- _What you should do_: Nothing but the lines from the one that holds "Tony Moly, I'm" through the end of the material should be repeated, each exactly as it stands, and pictures stay out.

- _The data_:
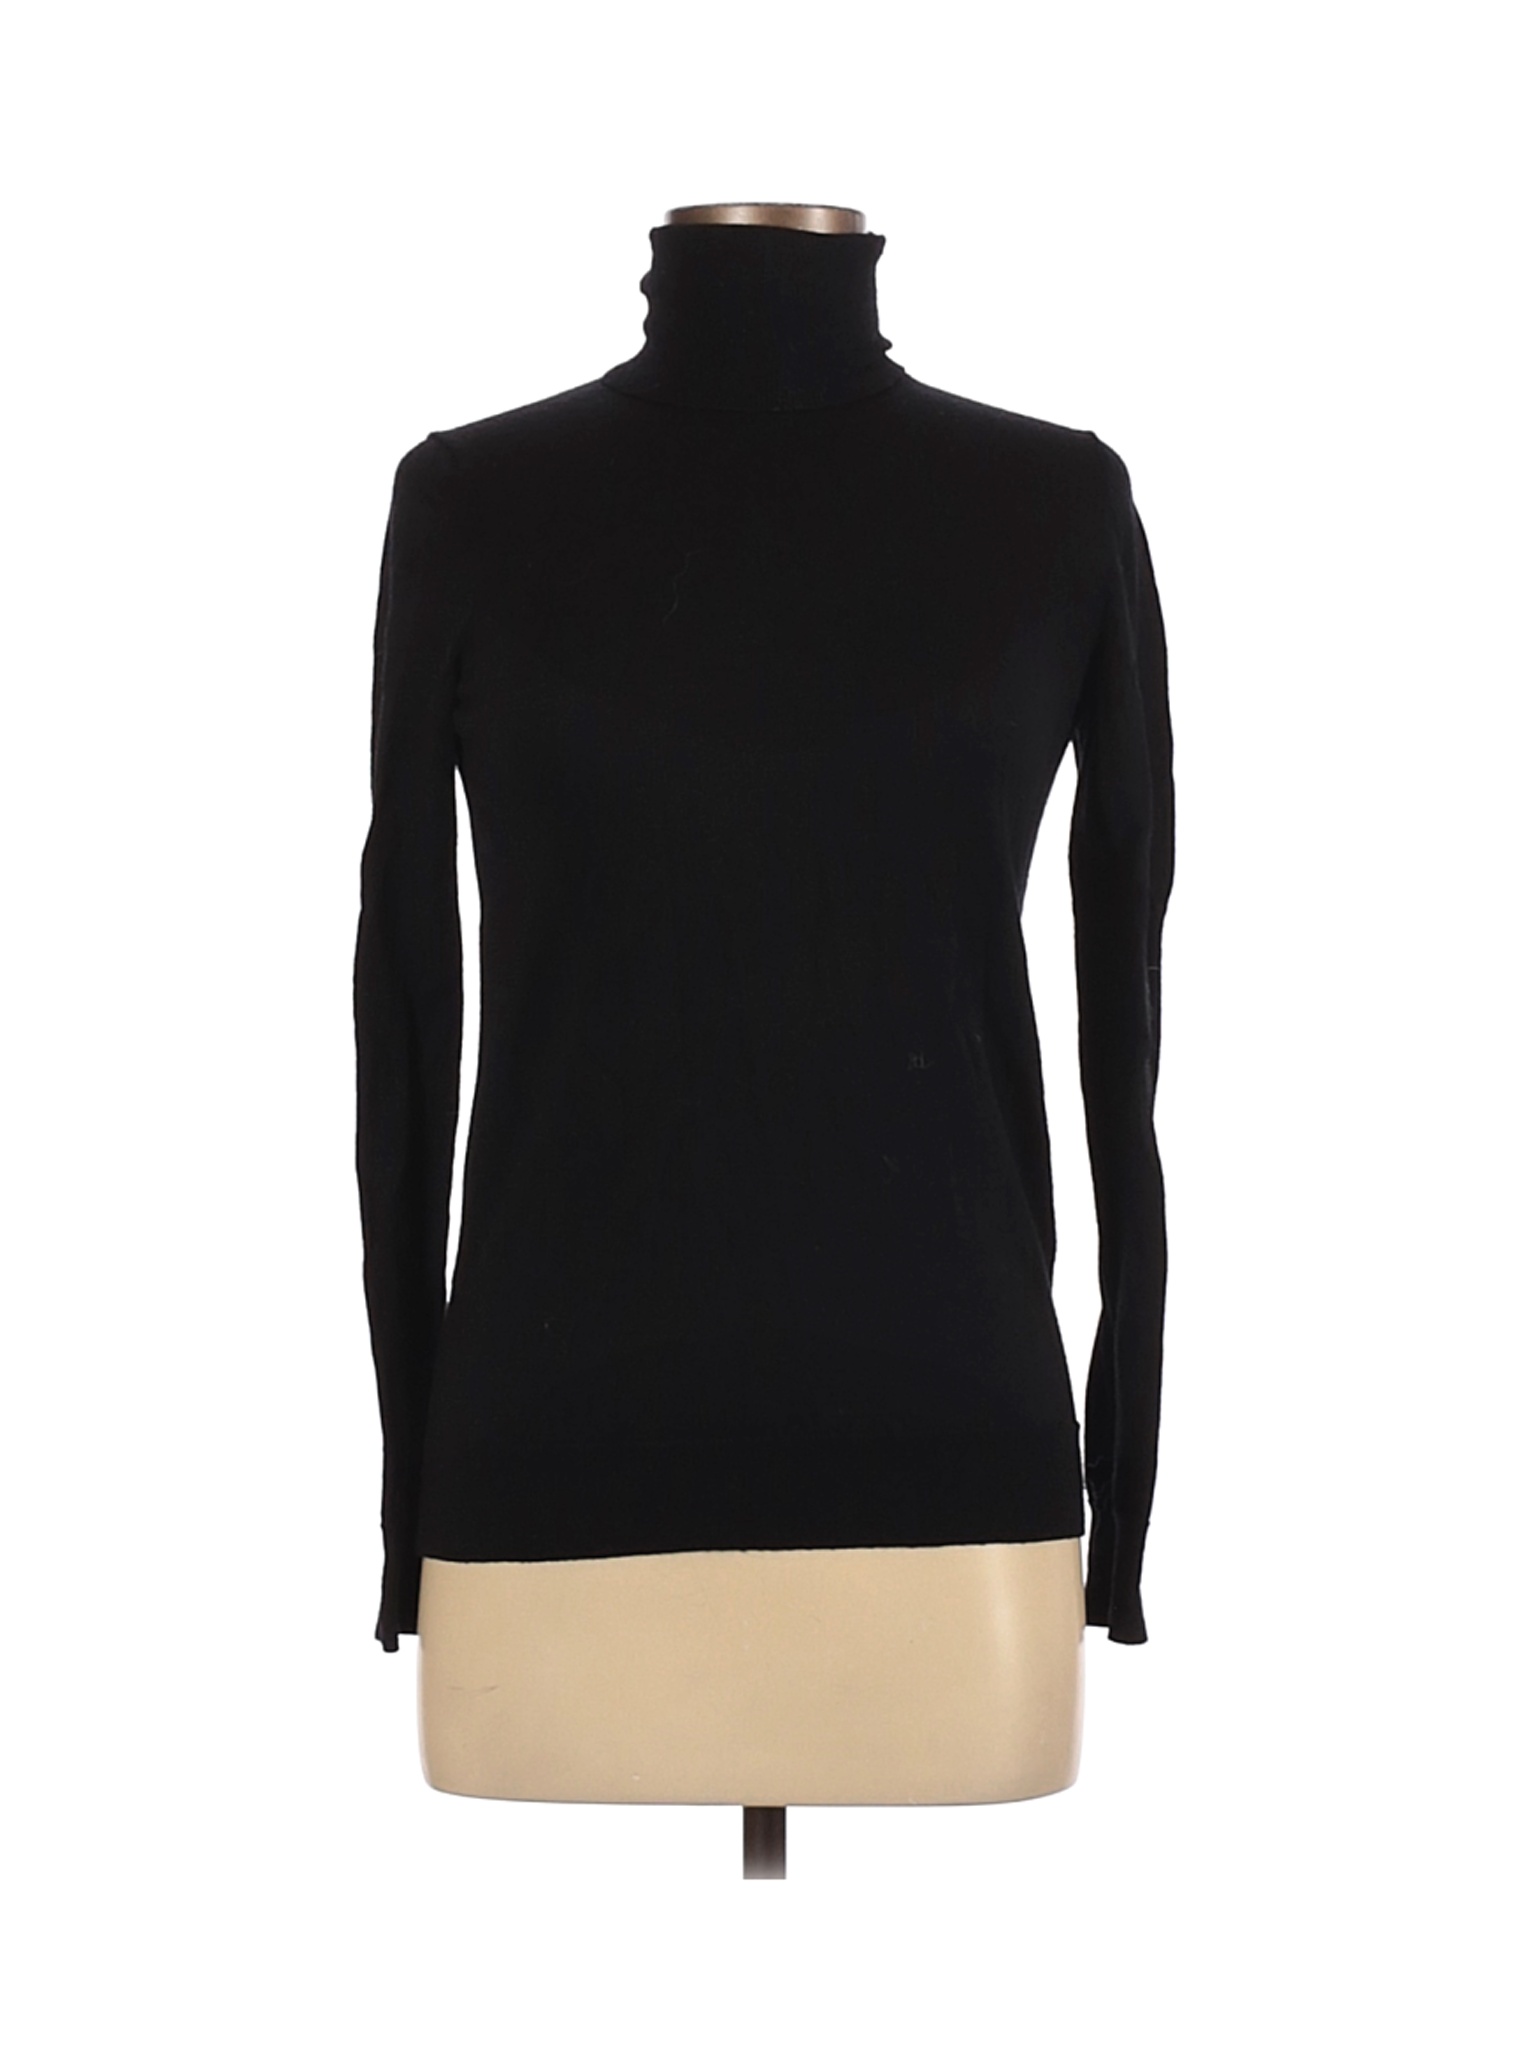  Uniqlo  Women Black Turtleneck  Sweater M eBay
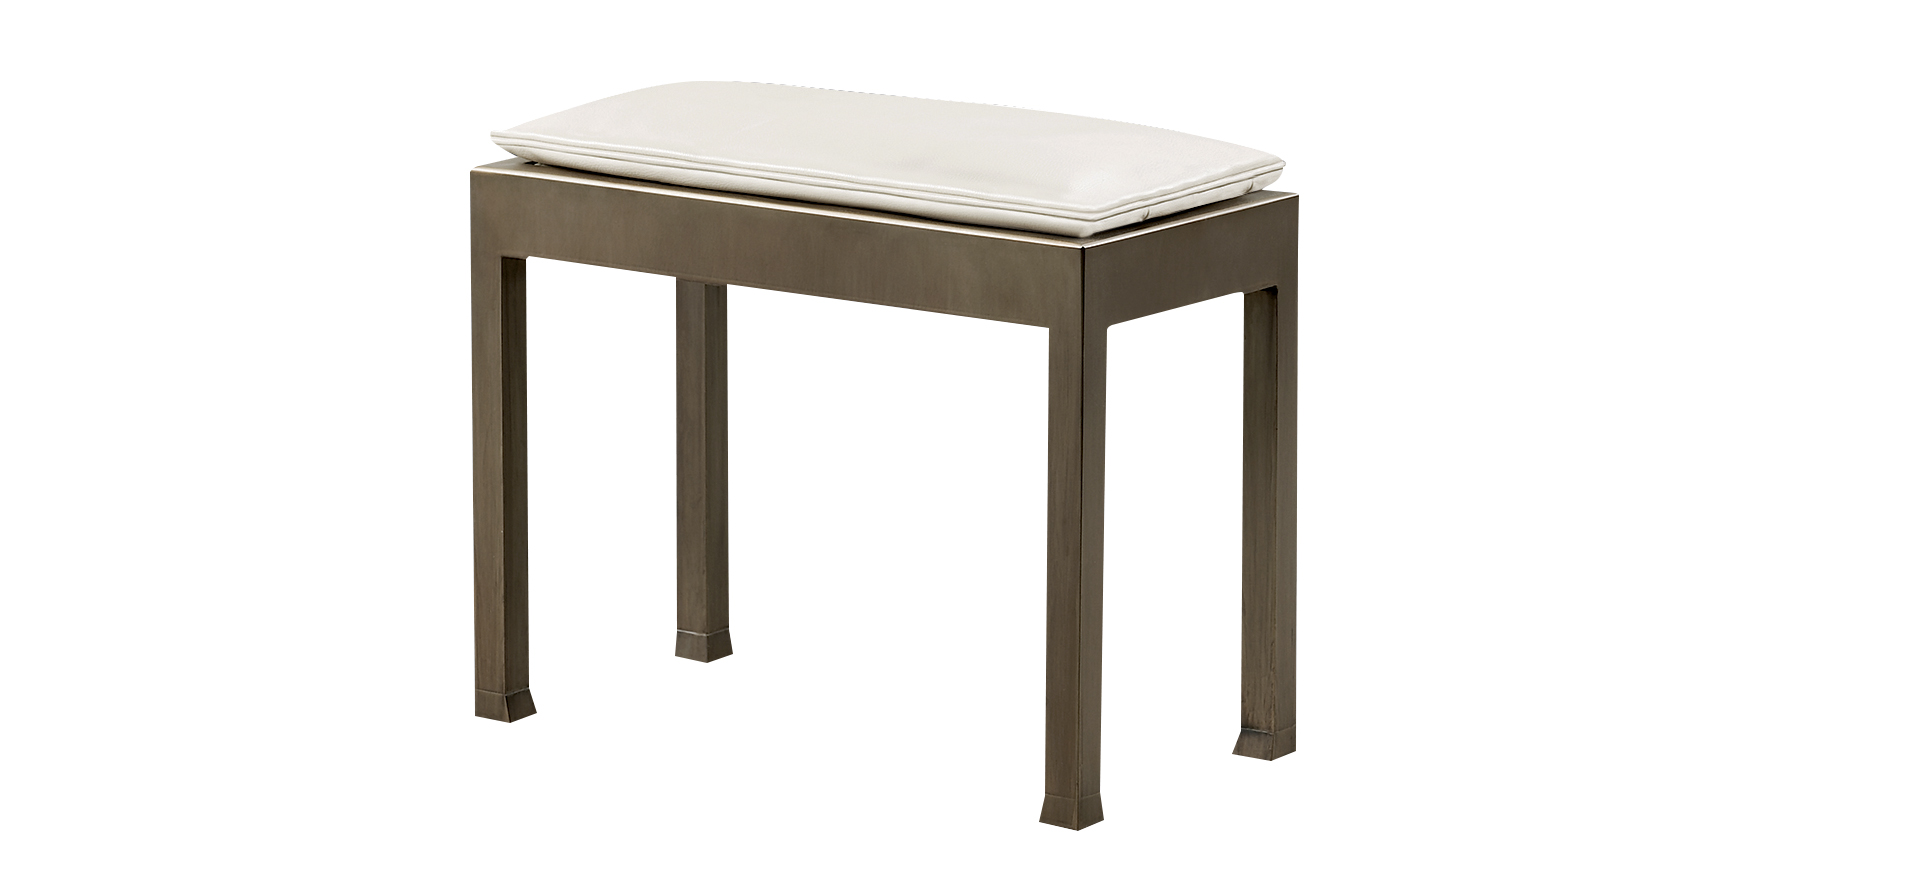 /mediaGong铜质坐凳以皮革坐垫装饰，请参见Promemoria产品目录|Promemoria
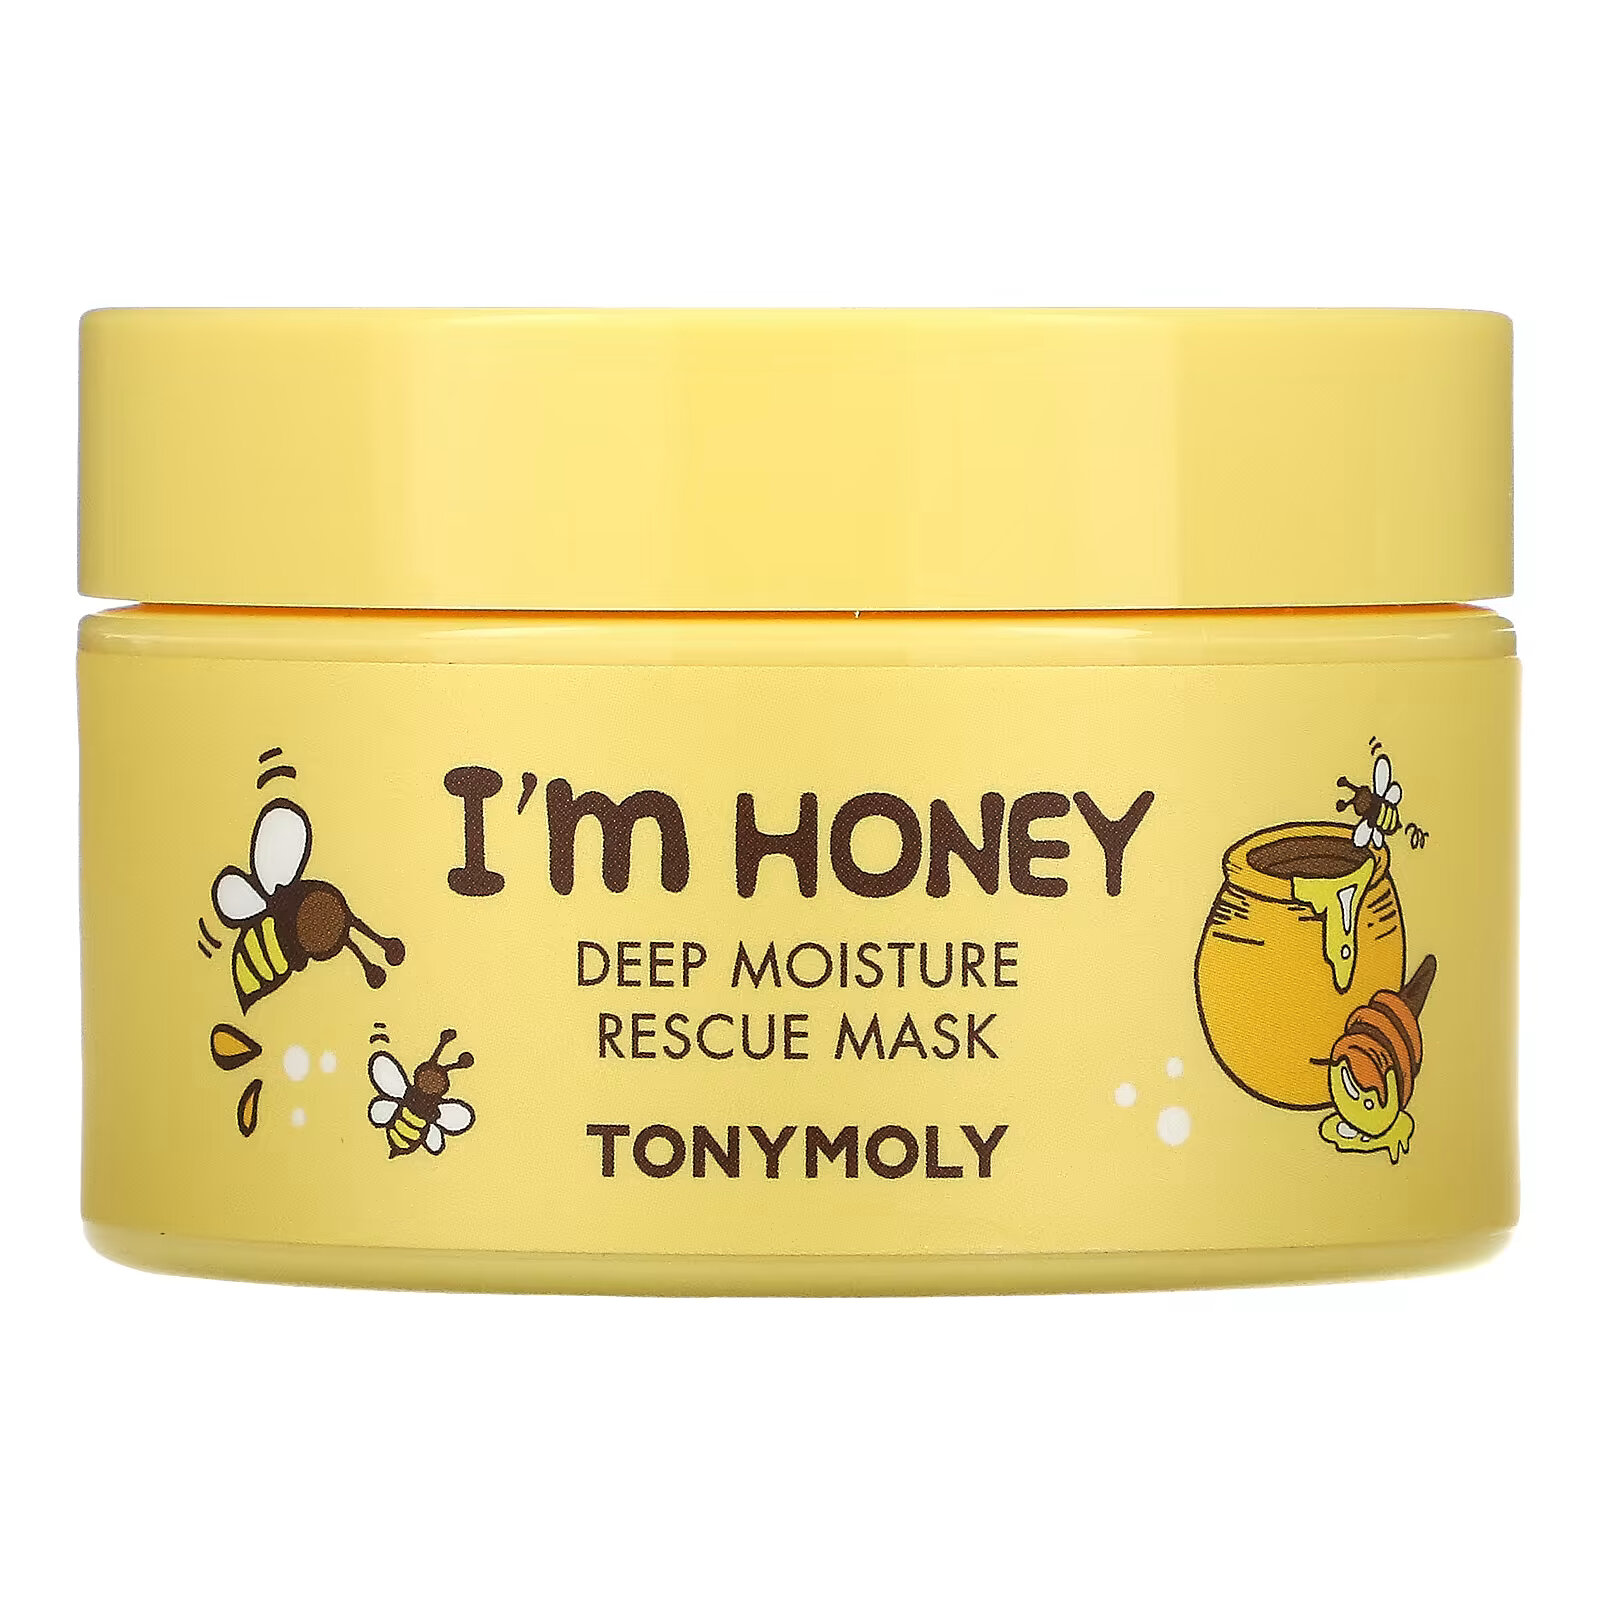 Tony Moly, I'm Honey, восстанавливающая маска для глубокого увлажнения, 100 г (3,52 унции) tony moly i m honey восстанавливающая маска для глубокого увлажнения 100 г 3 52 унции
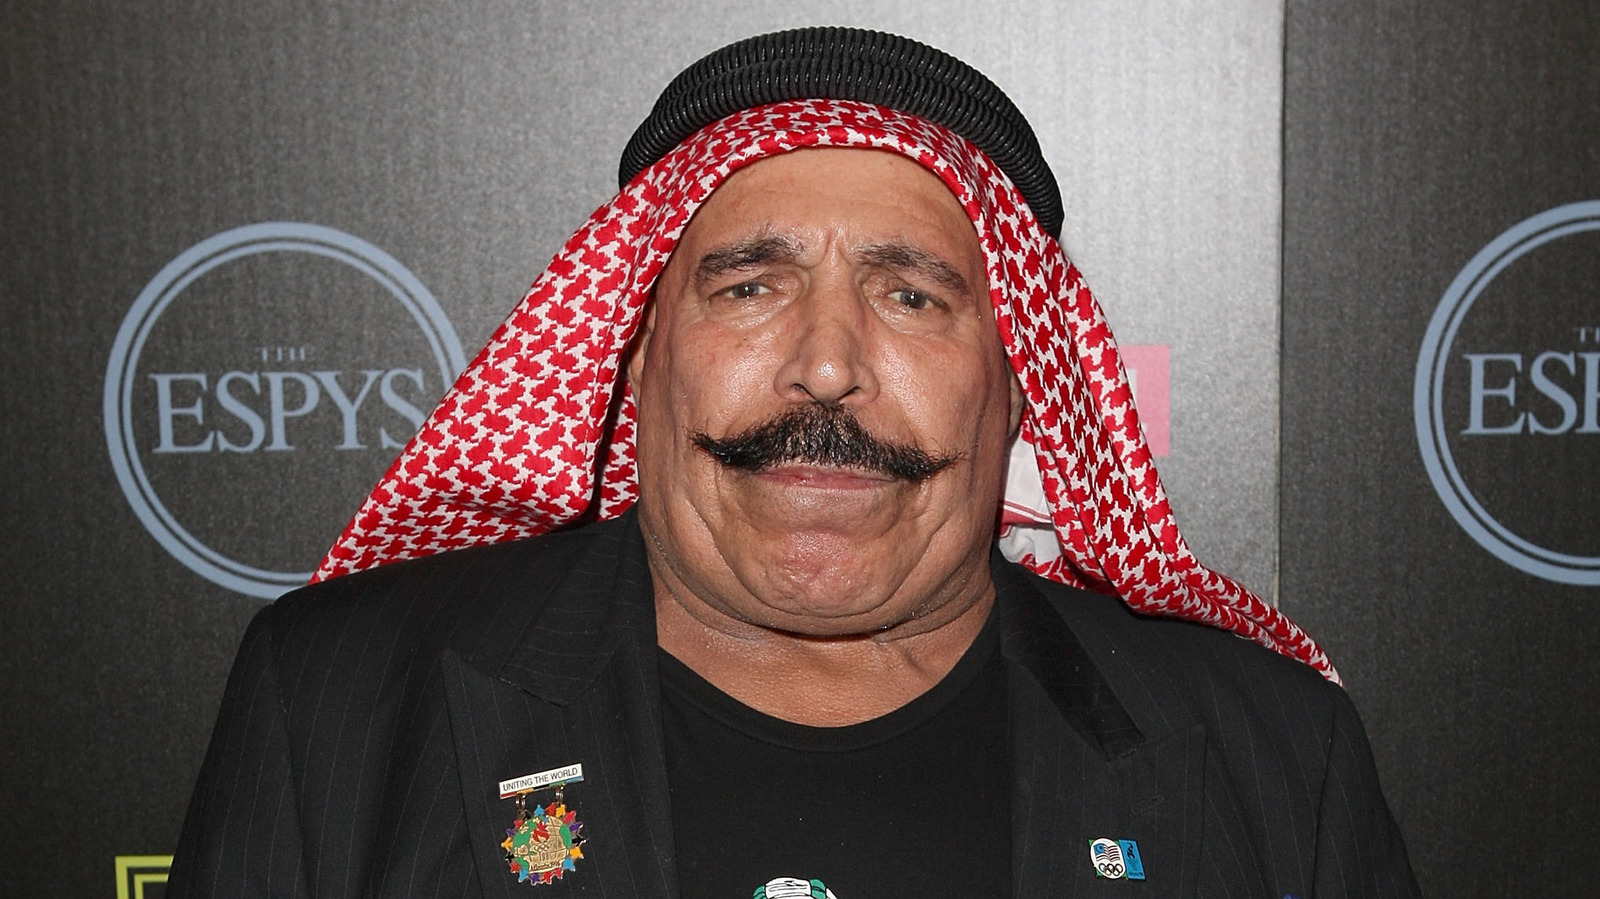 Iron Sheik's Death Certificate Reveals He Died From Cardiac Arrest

- _Written answer_:
 Tony Moly, I'm Honey, восстанавливающая маска для глубокого увлажнения, 100 г (3,52 унции) tony moly i m honey восстанавливающая маска для глубокого увлажнения 100 г 3 52 унции
 Iron Sheik's Death Certificate Reveals He Died From Cardiac Arrest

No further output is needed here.